CLS reported its highest-ever average daily settlement volumes in January 2026, with all products reaching $2.765 trillion - up 16% from December 2025 and 24.4% year-on-year. The record underscores CLS's central role as the primary payment-versus-payment settlement utility for foreign exchange markets.
Volume Breakdown
FX swaps drove the majority of settlement activity, averaging $1.839 trillion daily - the second-highest level ever recorded for the product category. FX swaps are the most actively traded instrument in global FX markets, used primarily by banks and institutional investors for short-term funding and hedging.
CLSNet, the bilateral payment netting service, processed an average of $169 billion in Q4 2025, including a single-day record of $664 billion netted on December 17, 2025. CLSNet extends CLS's risk mitigation to currency pairs and counterparties not eligible for CLS Settlement, providing netting calculations and payment confirmation for emerging market and restricted currencies.
Market Context
The volume surge reflects broader FX market dynamics. Global FX turnover has been driven higher by interest rate divergence across major economies, geopolitical hedging demand, and the continued growth of algorithmic and electronic trading that generates higher transaction counts. The January spike aligns with seasonal patterns, as portfolio rebalancing and new allocation decisions at the start of the year typically drive elevated volumes.

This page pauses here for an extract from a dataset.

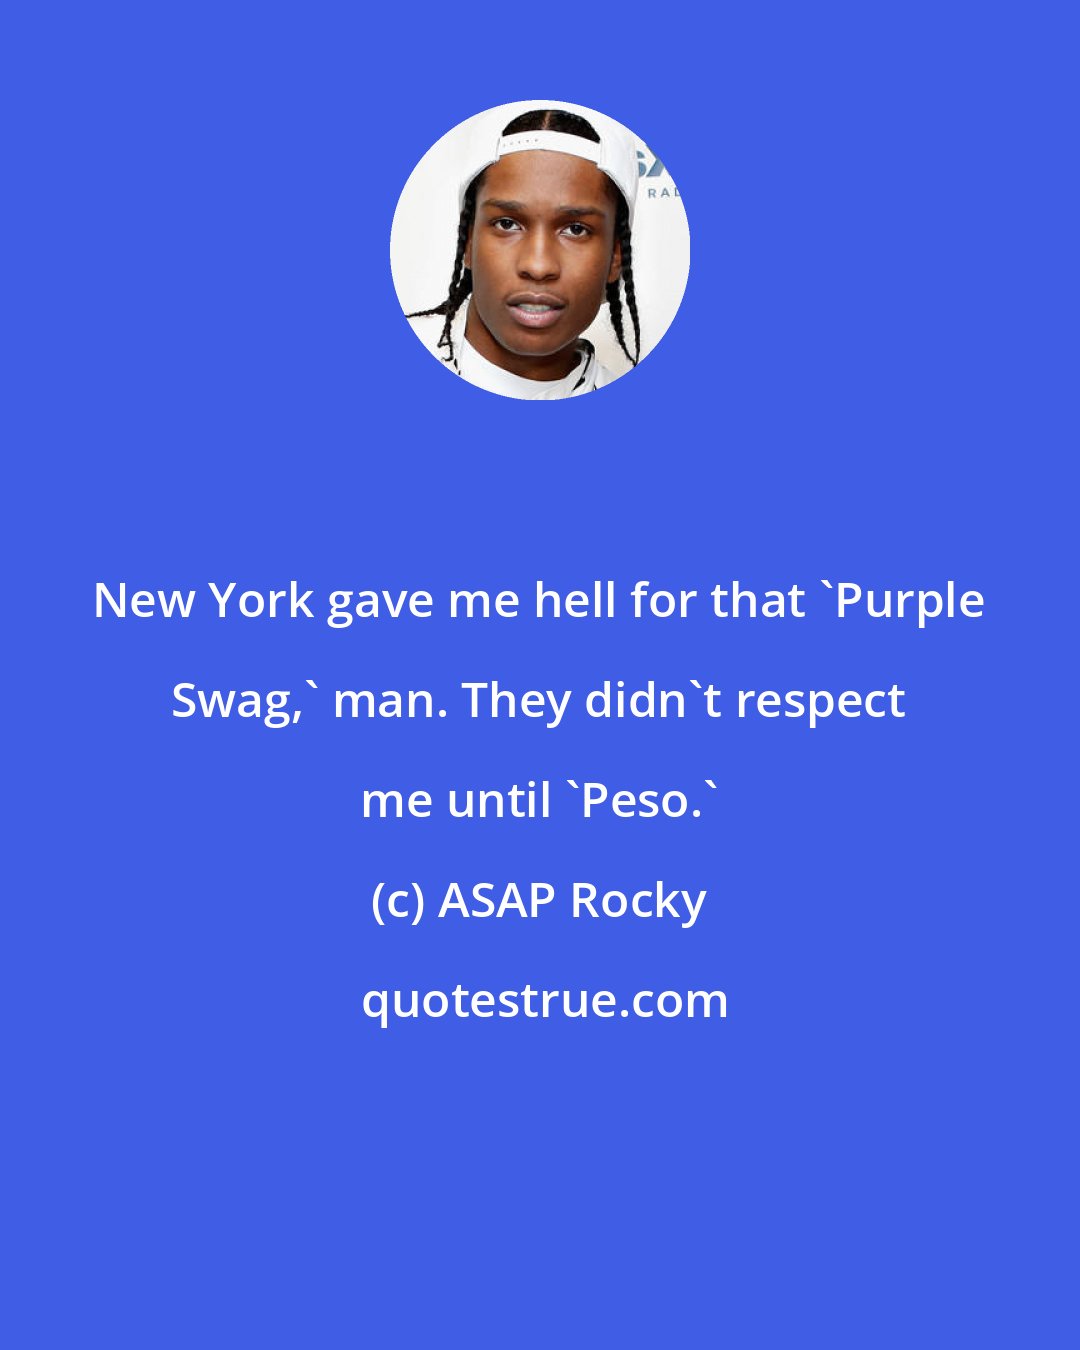 ASAP Rocky: New York gave me hell for that 'Purple Swag,' man. They didn't respect me until 'Peso.'
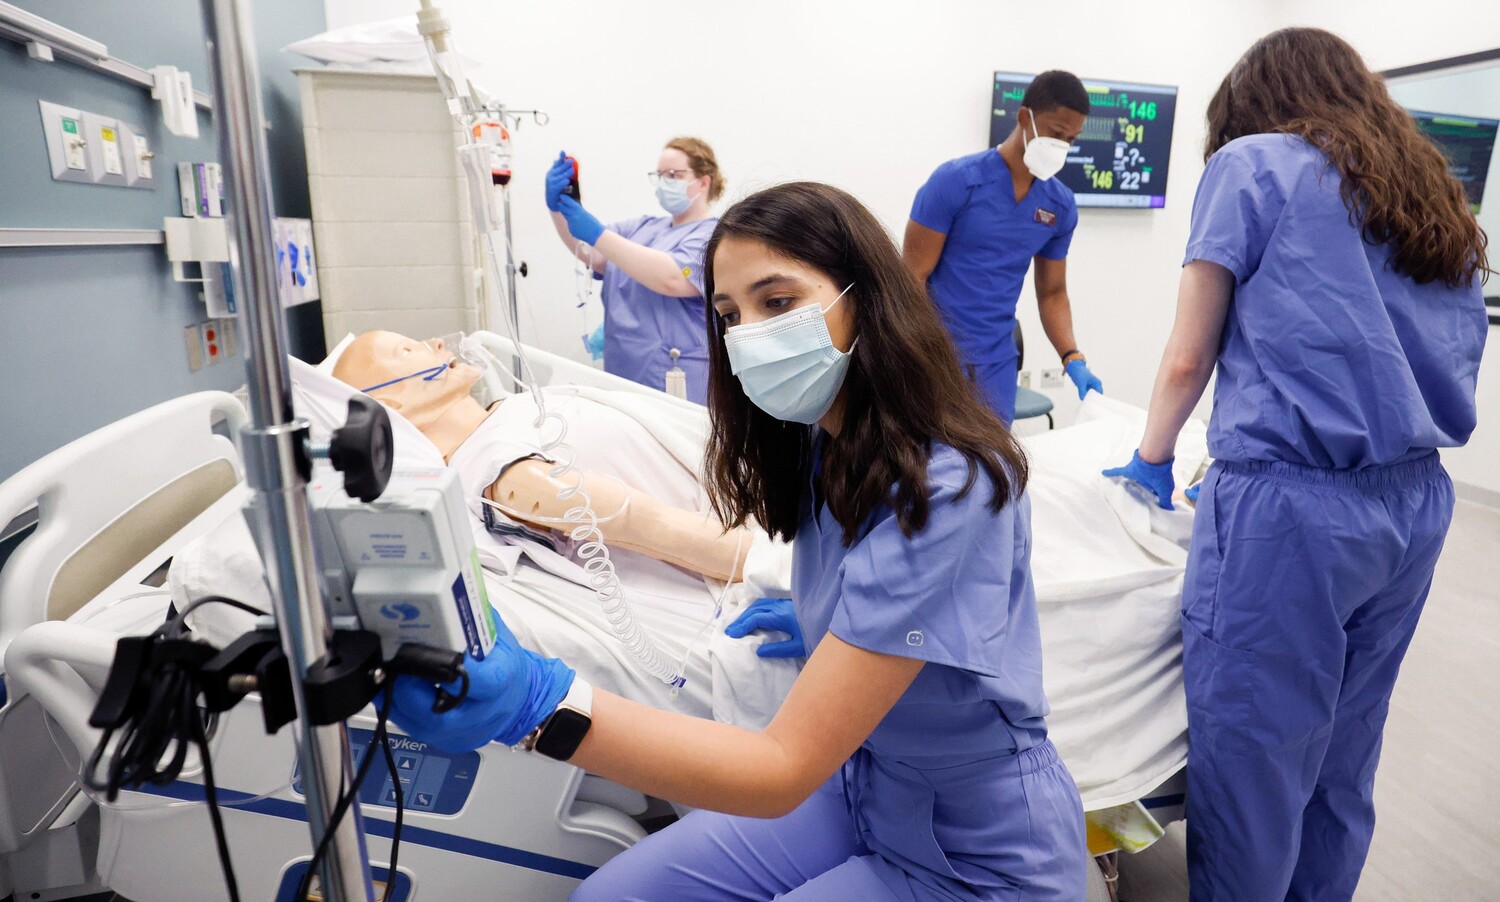 four University of Minnesota Medical School students participate in a patient care simulation exercise

CLS settles transactions in 18 currencies through its payment-versus-payment mechanism, which eliminates settlement risk - the risk that one party delivers its currency while the other defaults. The Bank for International Settlements has estimated that global FX settlement risk affects approximately $2.2 trillion daily in transactions that lack adequate risk mitigation. CLS's record volumes suggest that for the major currency pairs it covers, the industry continues to concentrate settlement through the risk-managed utility.
Membership Expansion
The volume records follow CLS's addition of three new settlement members in 2025, including ABN AMRO's return to the platform. The expansion of the membership base contributes to higher settlement volumes by bringing more bilateral trading relationships into the CLS settlement pool.